There are, admittedly, some benefits to a system that was used, and fairly rapidly discarded, in both Austria and Switzerland some years ago now.
The major clubs – and, in time, that will mean Old Firm rivals Celtic and Rangers – playing each other four times a season will please satellite broadcasters ESPN and Sky Sports. The continued backing of theses television companies prevents us becoming a Third World country in football terms.
One governing body running the senior leagues for the first time since 1998 is certainly welcome. There is too much disharmony and not nearly enough unity in our national game just now.
In addition, a pyramid structure underneath the senior leagues that rewards ambitious non-league clubs for success is also long overdue.
But there is also much wrong with what is being suggested.
Examining the current SPL table and then envisaging what would transpire if the proposed set-up was presently in place gives an idea of the difficulties that await.
Let us say, for the sake of argument, that both ninth- placed Hearts and bottom-placed Dundee lose their next games, to Celtic away and Hibs away respectively, later this month.

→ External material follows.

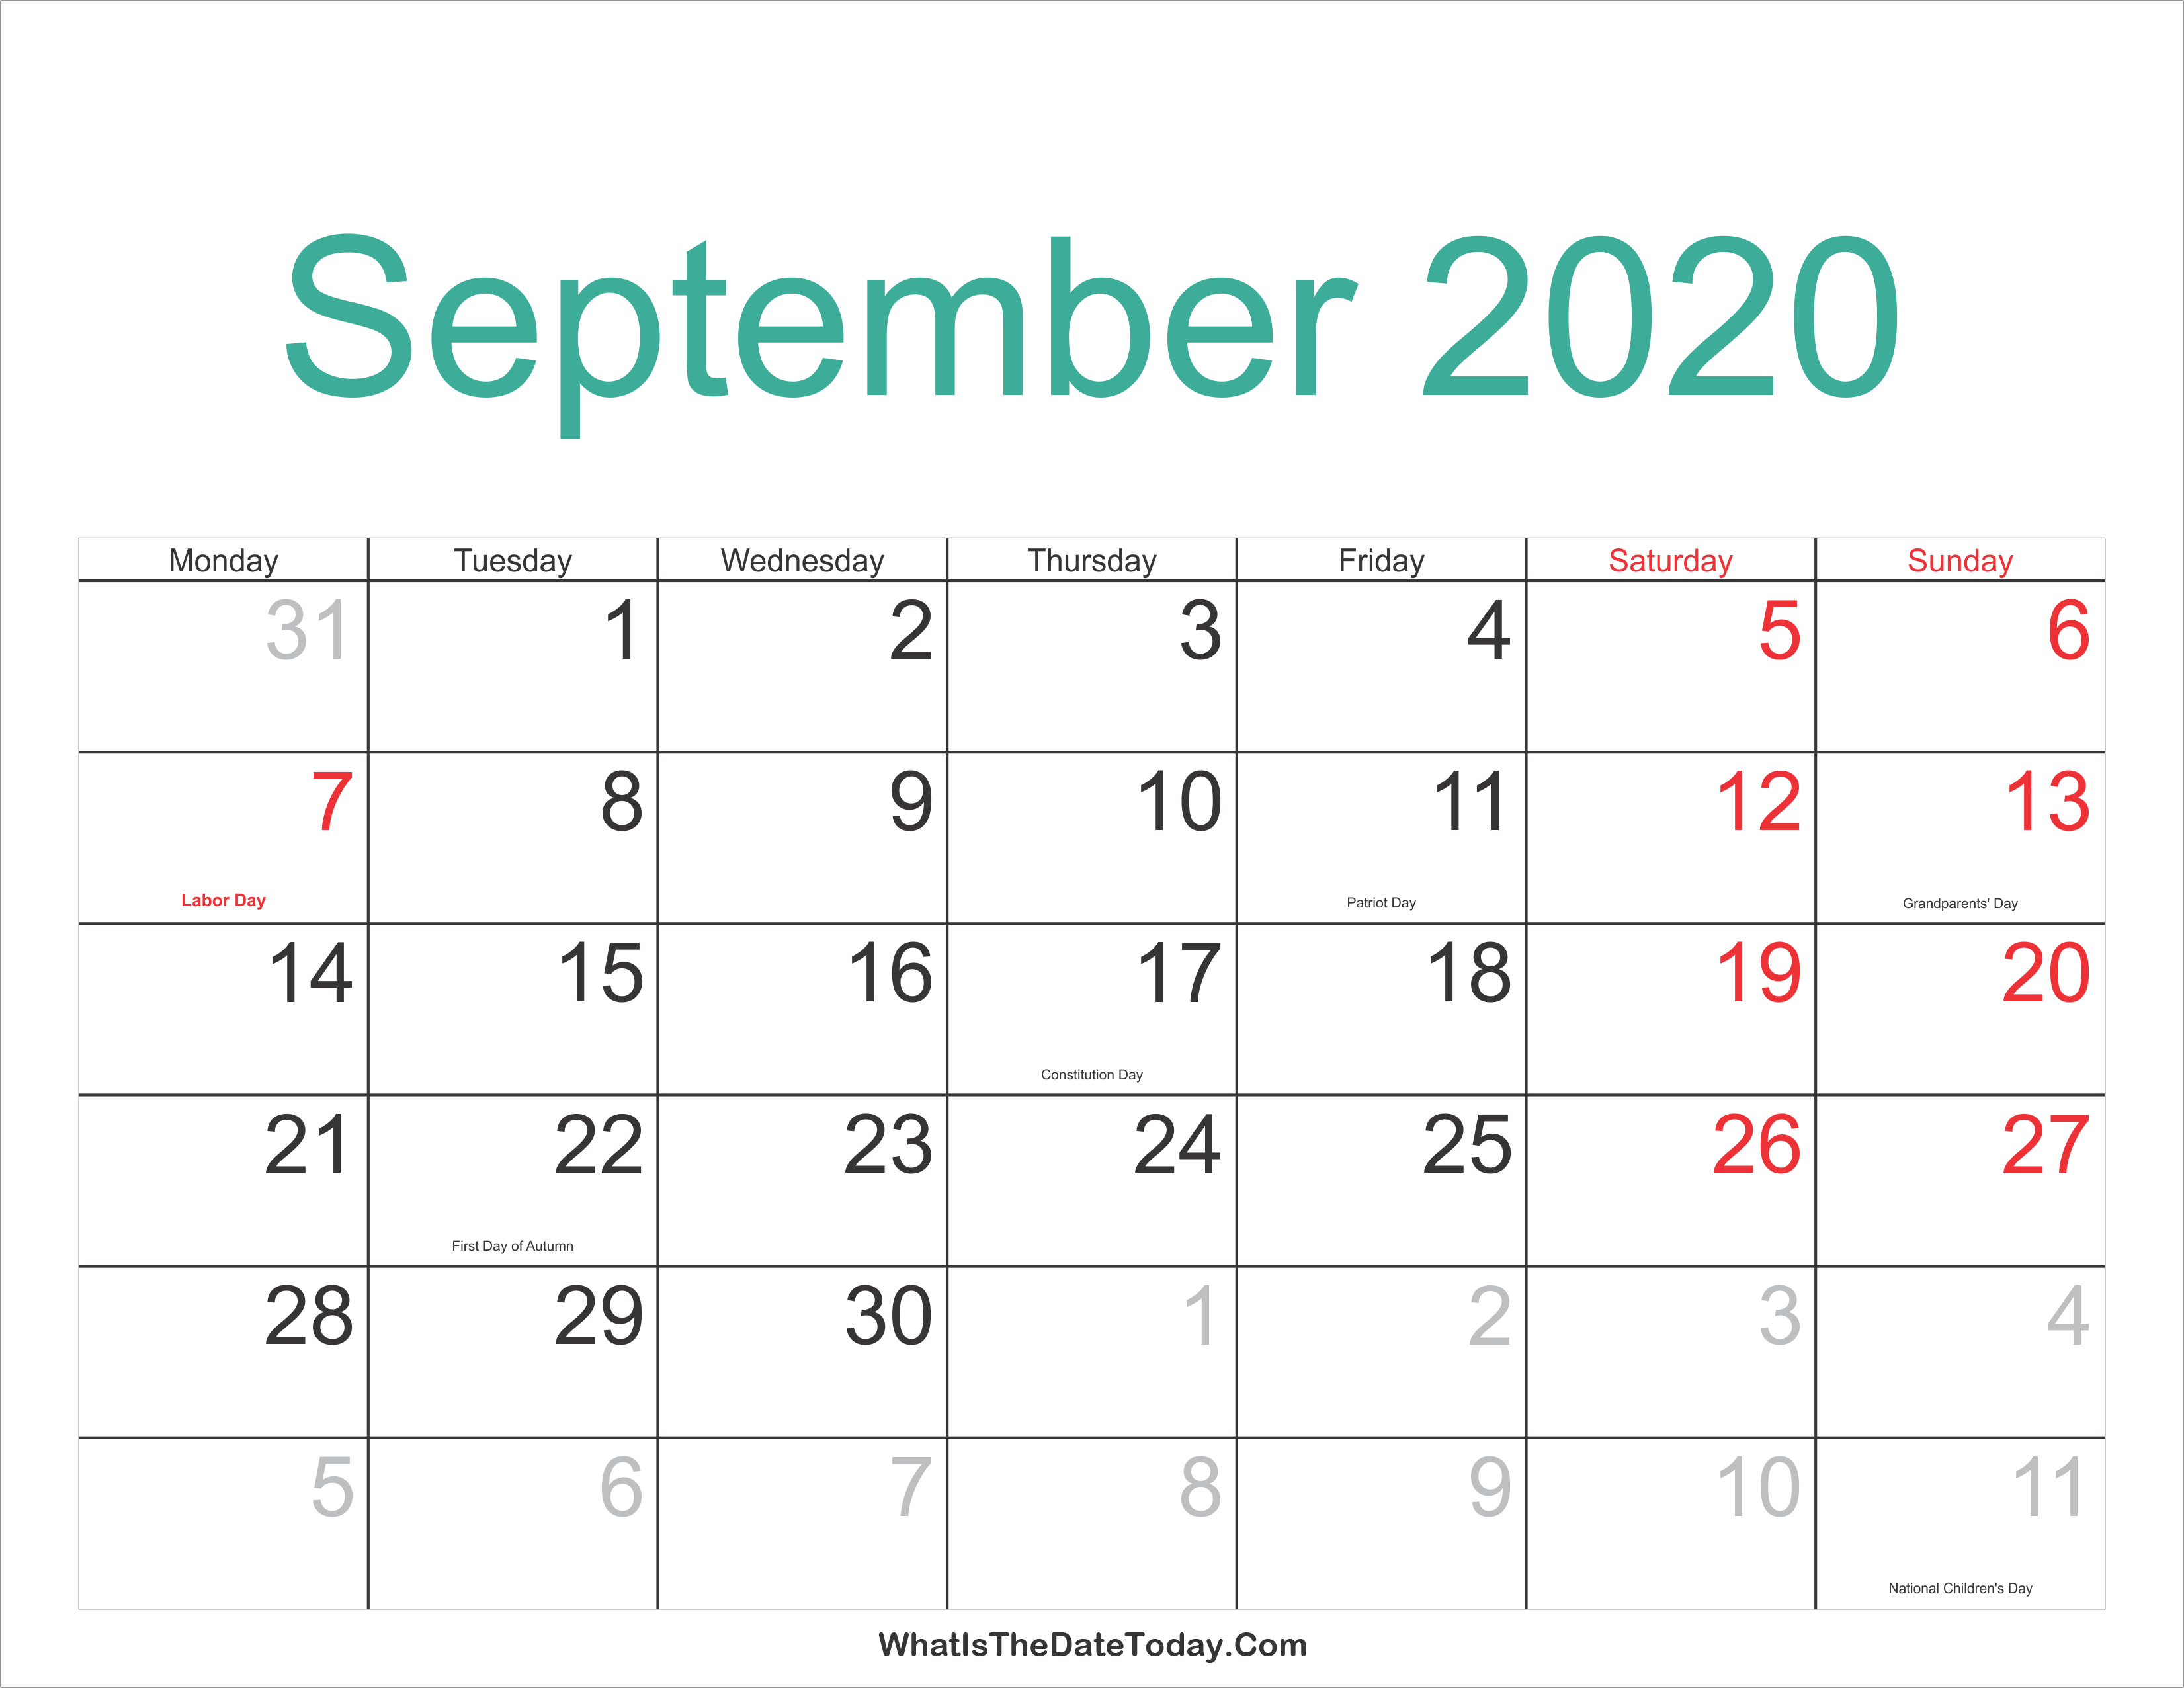 September 2020 Calendar With Holidays September 2020 Calendar Printable with Holidays

That would mean that, after 22 matches, the former would have 26 points while the latter would be some way adrift on 12 points.

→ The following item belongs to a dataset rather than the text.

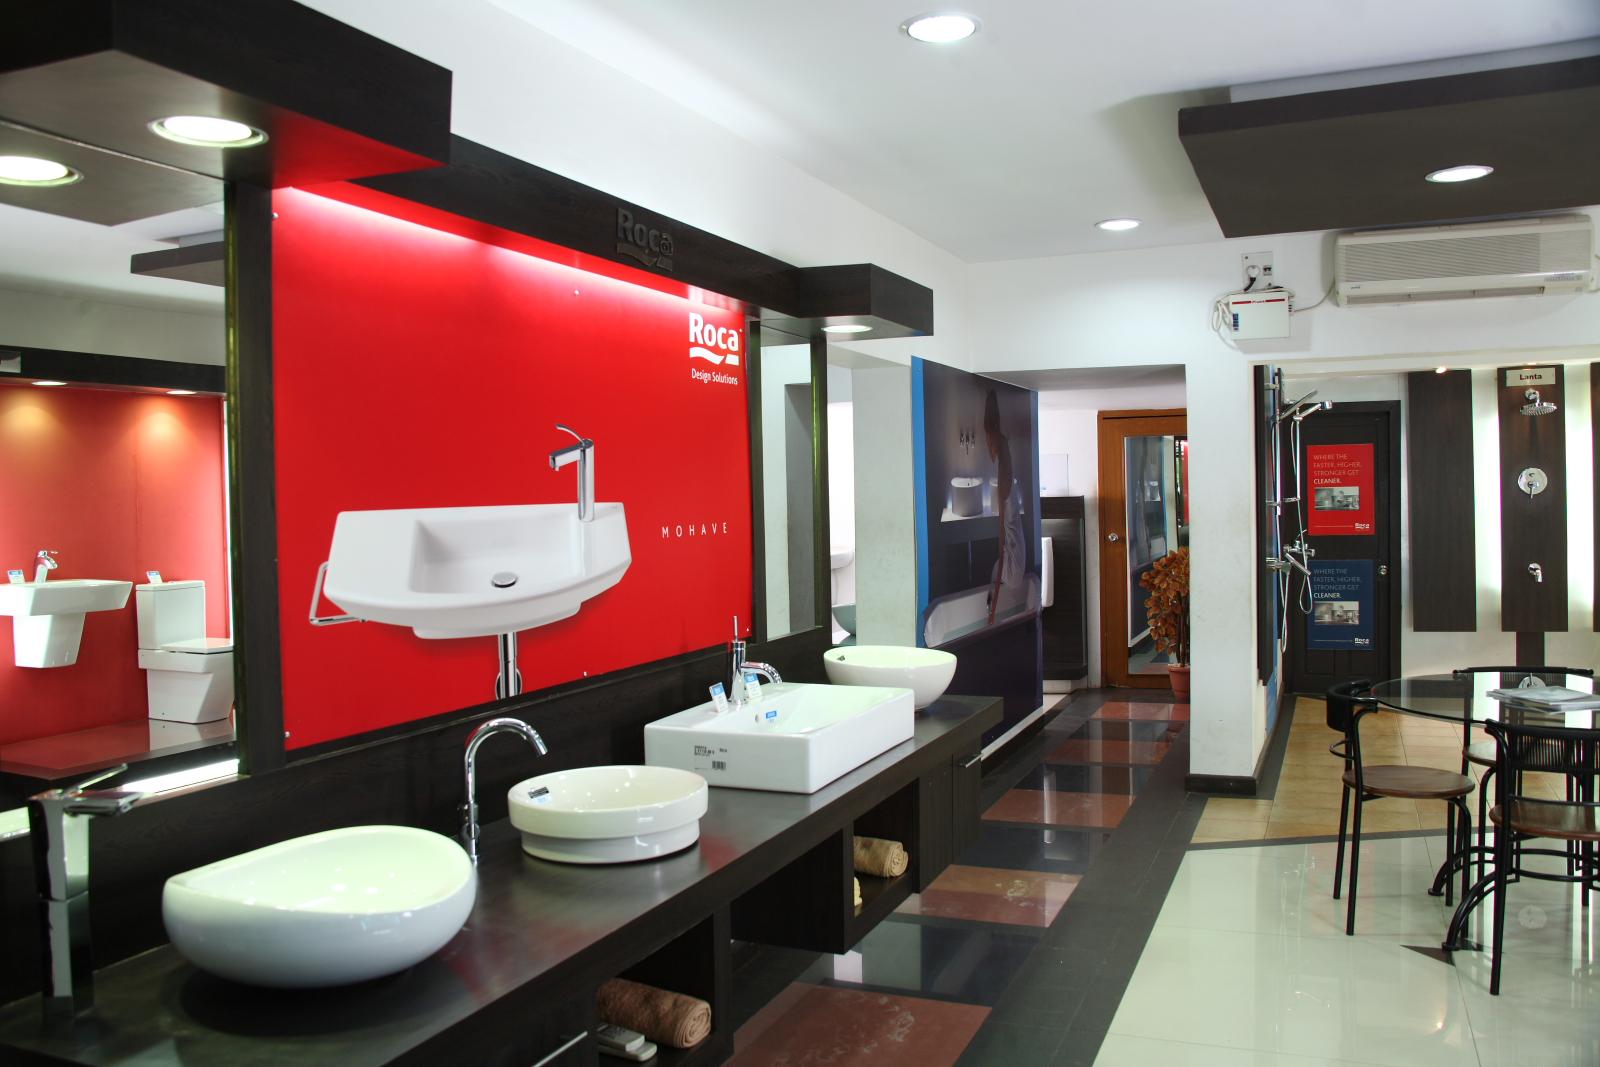 SATTAR GROUP-THE WONDERLAND OF SANITARY WAREModern Sanitary Ware Showroom

In the current system, the Tynecastle club would be virtually assured of their place in the SPL next season with such a large gap. Their Dens Park rivals, on the other hand, would be hard pushed to survive.
Yet, in the brave new world of the "Championship" – the radical new "play-off zone" being proposed by our governing bodies – things would not be so clear-cut.
The points would be reset. Hearts could end up getting relegated as a result of their performances in the final 14 games.
All it would take to derail their campaign would be a series of injuries to key players. Given the physical nature of football here, that is not uncommon.
Meanwhile, Dundee, if they produced a late flourish, could easily end up winning.
Instead of taking on, say, Celtic, Aberdeen and their city rivals Hibs in packed stadiums, Hearts would have to content themselves with games against Morton, Partick Thistle and Raith Rovers.
And that would be despite, over the course of the previous nine months, outperforming a club that retained its top-flight status by default.
Imagine the anger, bitterness and resentment – emotions we have quite enough of in Scottish football as things stand, thank you – that would create in Hearts' fans, players and officials.
The apathy, in some cases amusement, that currently exists towards what is patently an unfair system will rapidly turn to outrage and acrimony as clubs fall foul of its imperfections.
There are more concerns. It is, for example, extremely difficult to see how the 12-12-18 system will help to promote youth.
If a club has just 22 games to safeguard its lucrative place in the "Premier Division" is it really going to take a chance on a promising kid? Of course not.
If it then has a paltry 14 games to secure a position among the leading clubs the following season is it going to put its faith in an untried boy? Not a chance.
There is a chance the proposed structure could still be rejected by SPL and SFL clubs.
If it gets the green light, though, its many shortcomings surely mean it is doomed to failure.